= The Rogers Sisters =

The Rogers Sisters were an American indie rock band from Brooklyn, active from 1999 to 2007, composed of sisters Laura and Jennifer Rogers and multi-instrumentalist/vocalist Miyuki Furtado.

==History==
The Rogers Sisters formed in 1999 after the breakup of Ruby Falls. The group released its debut on Troubleman Unlimited in 2002. The album's cover featured a Xerox collage portrait of George W. Bush. Following its release, the group embarked on tours of the United States as well as the United Kingdom. A sophomore effort, Three Fingers, followed on the same label in 2004. After signing to Too Pure, the group re-released Three Fingers and toured the UK and US again. Tours in Europe and Australia followed before releasing their most recent effort, The Invisible Deck, in 2006.

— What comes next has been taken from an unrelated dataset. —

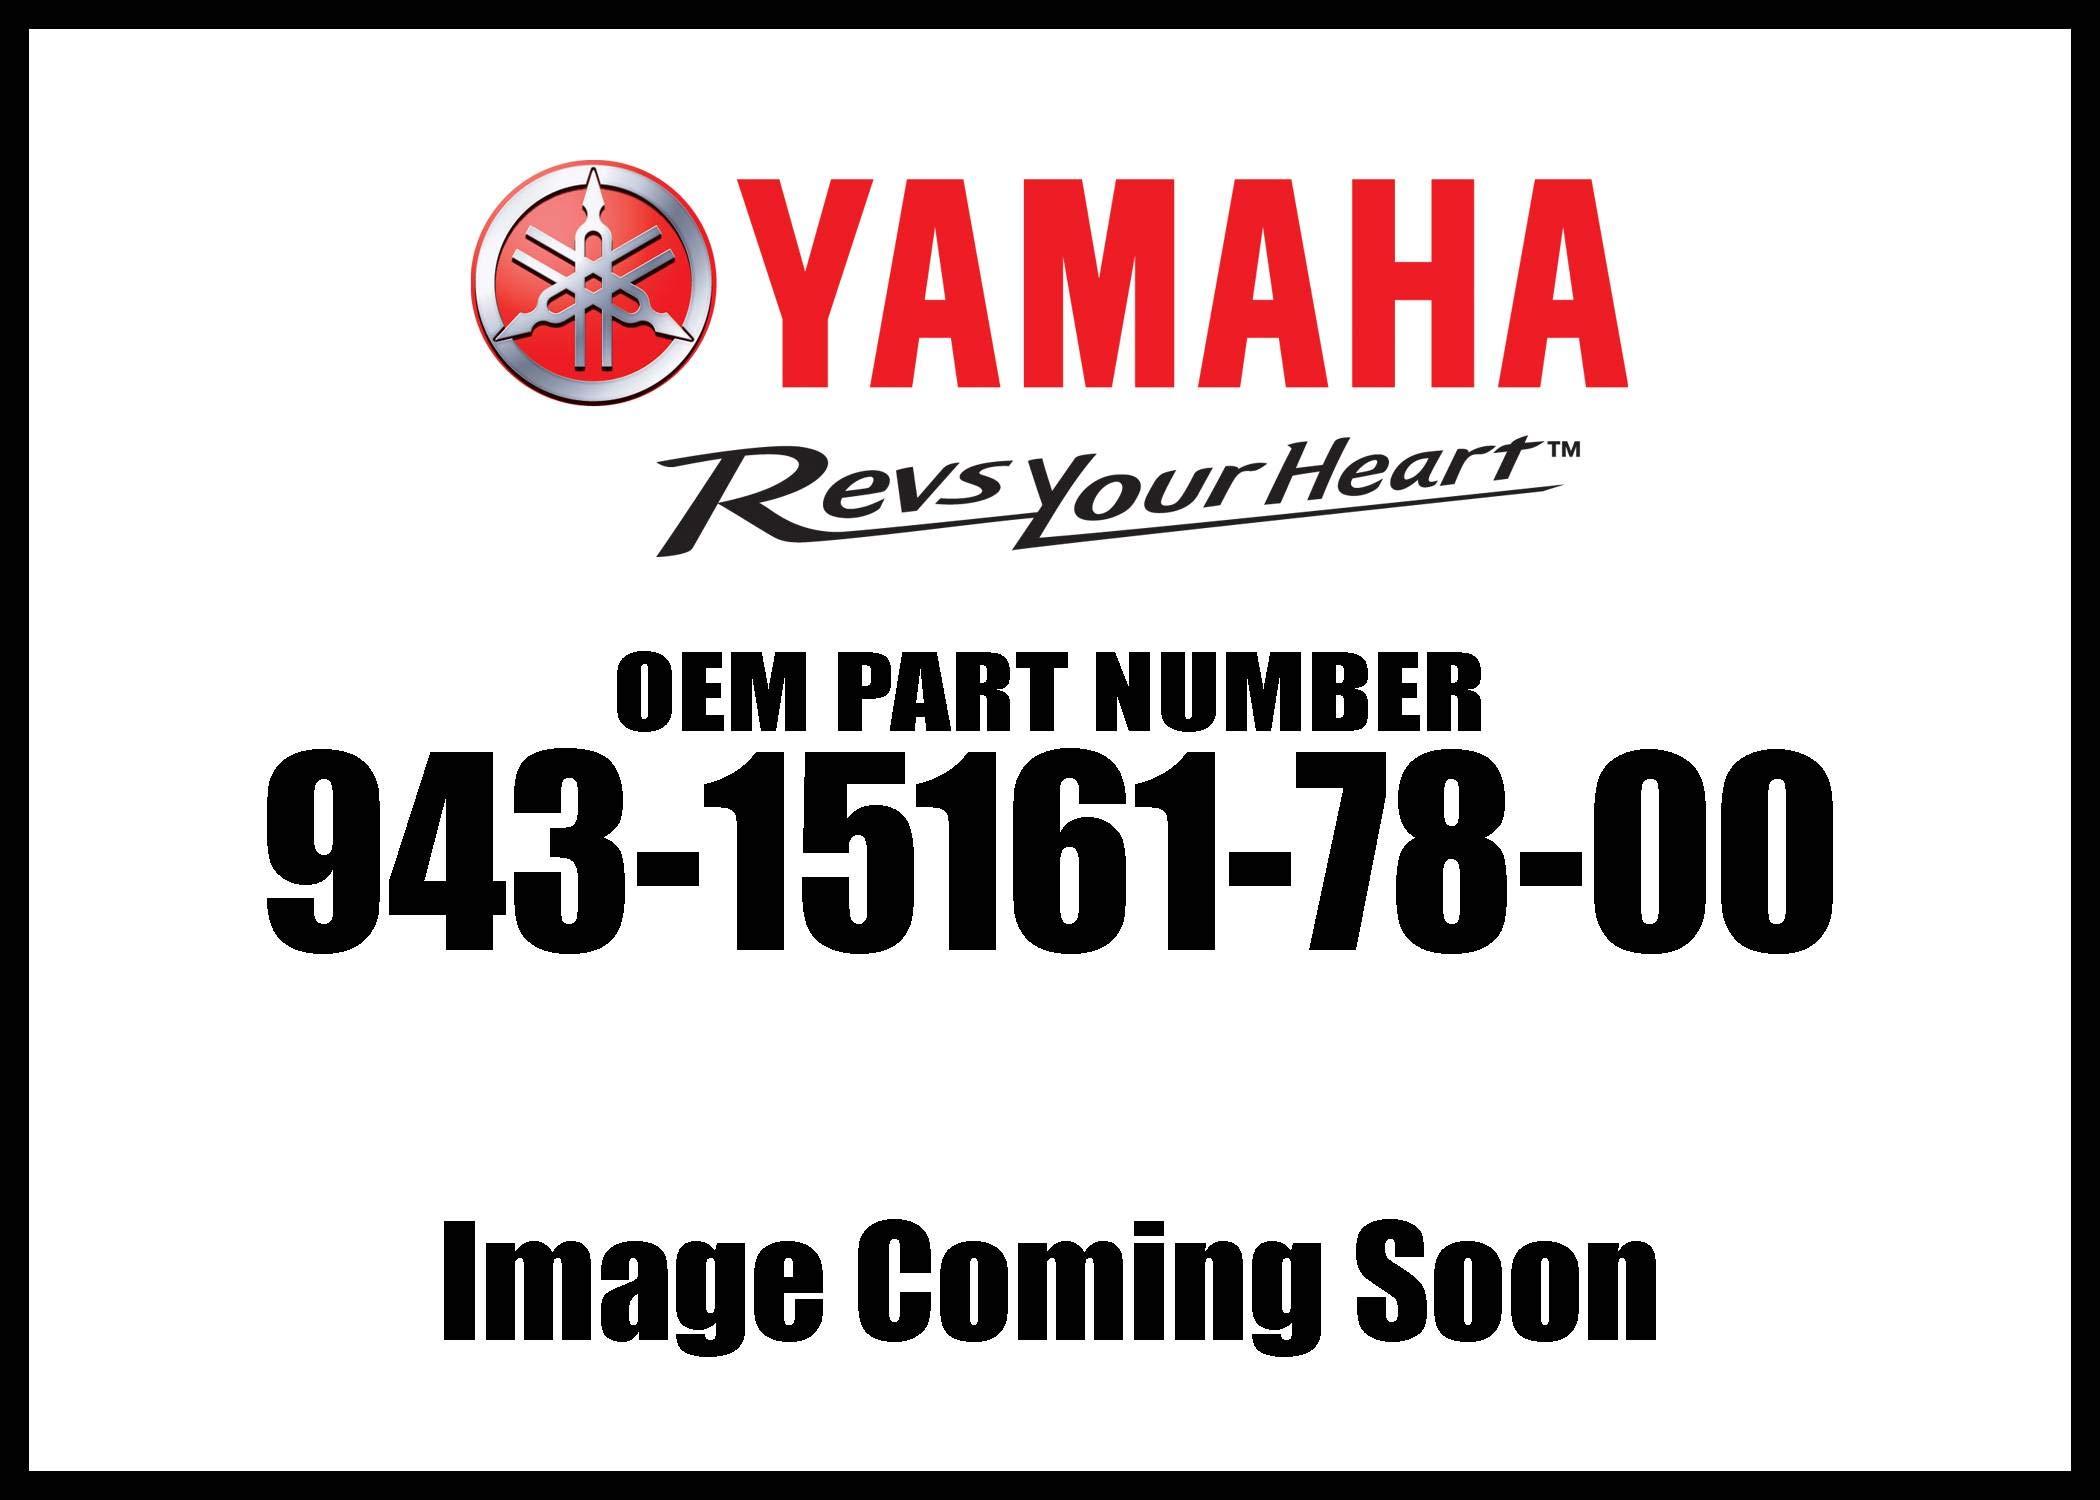 Yamaha 94315-16178-00 BAND, RIM (3.50-16); 943151617800

The group disbanded in 2007.

Furtado went on to record and tour with several bands including Brooklyn bands Midnight Masses and Shock Cinema as well as instrumental post-rock quartet, Vivid Low Sky.

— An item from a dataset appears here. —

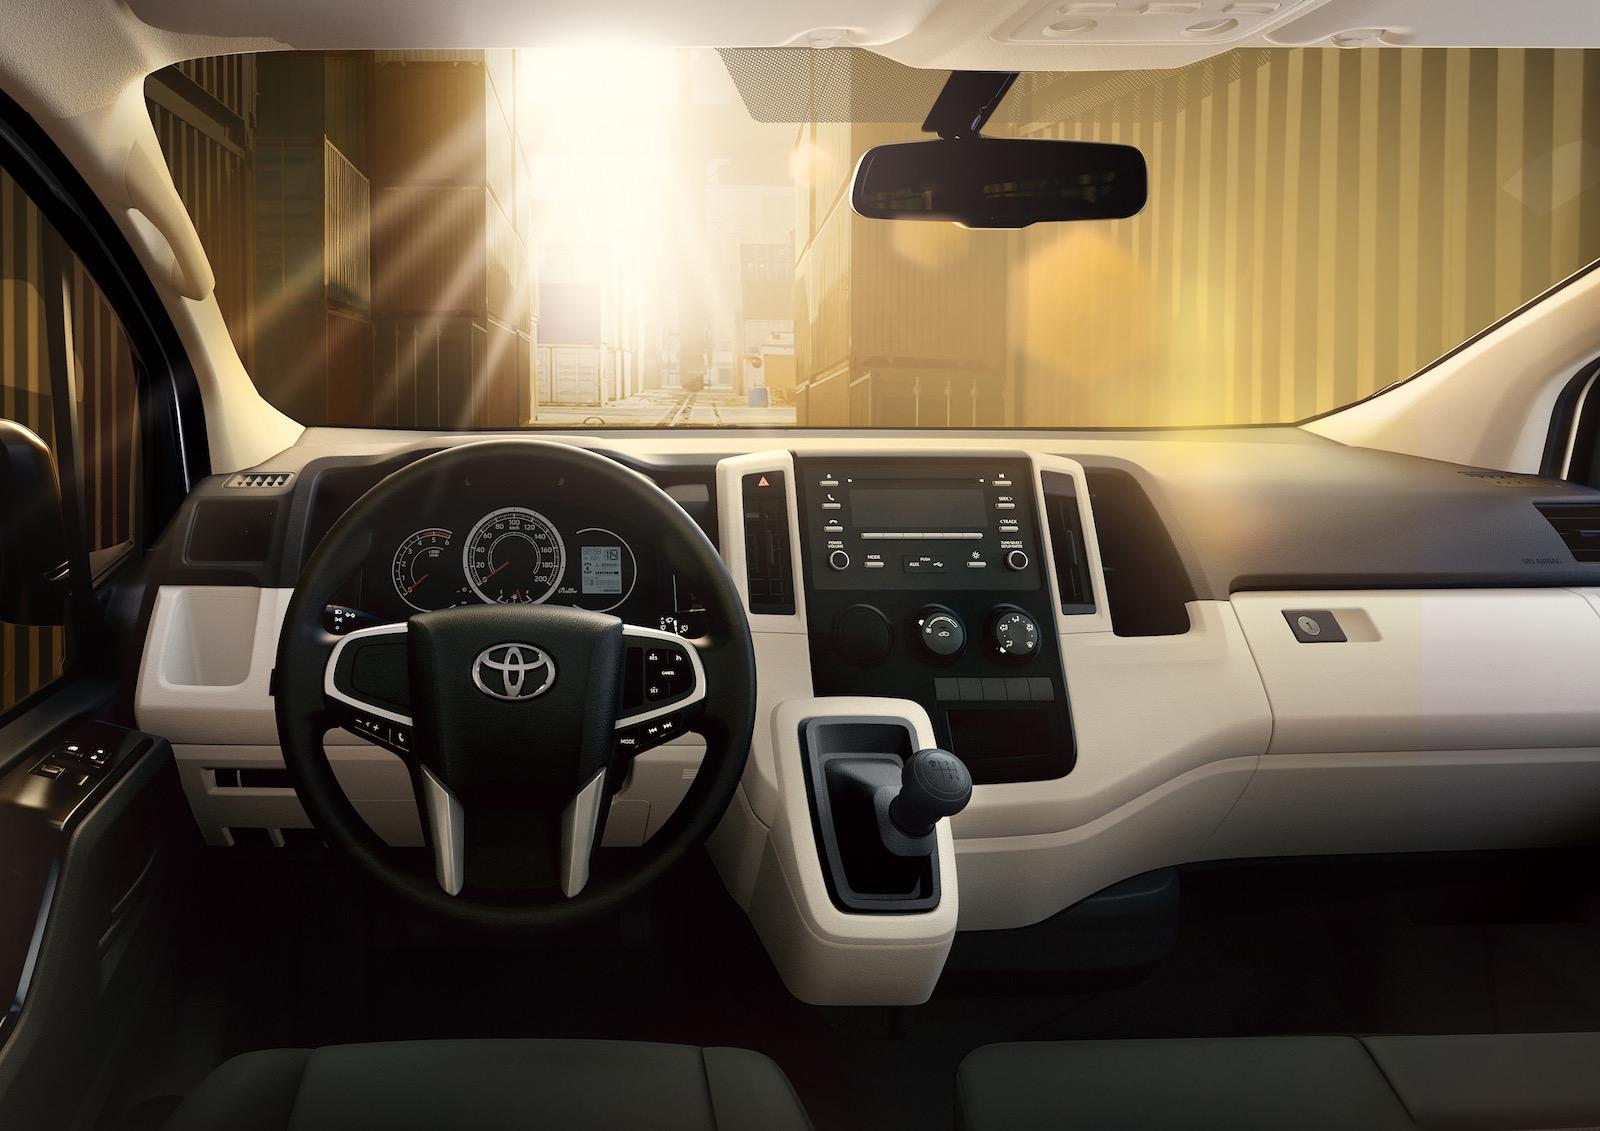 2020 Toyota HiAce revealed, gets powerful V6 option ...

Furtado’s current project is country/alt country band, Divining Rod, in which he sings, plays guitar and drums simultaneously. The band has several releases on Kilipaki Records.

==Members==
- Miyuki Ken Furtado
- Laura Carolyn Rogers
- Jennifer Elizabeth Rogers

==Discography==
- Purely Evil (Troubleman Unlimited, 2002)
- Three Fingers (Too Pure, U.K./Troubleman Unlimited, U.S., 2004; re-released in the U.S. on Too Pure, 2005)
- The Invisible Deck (Too Pure, 2006)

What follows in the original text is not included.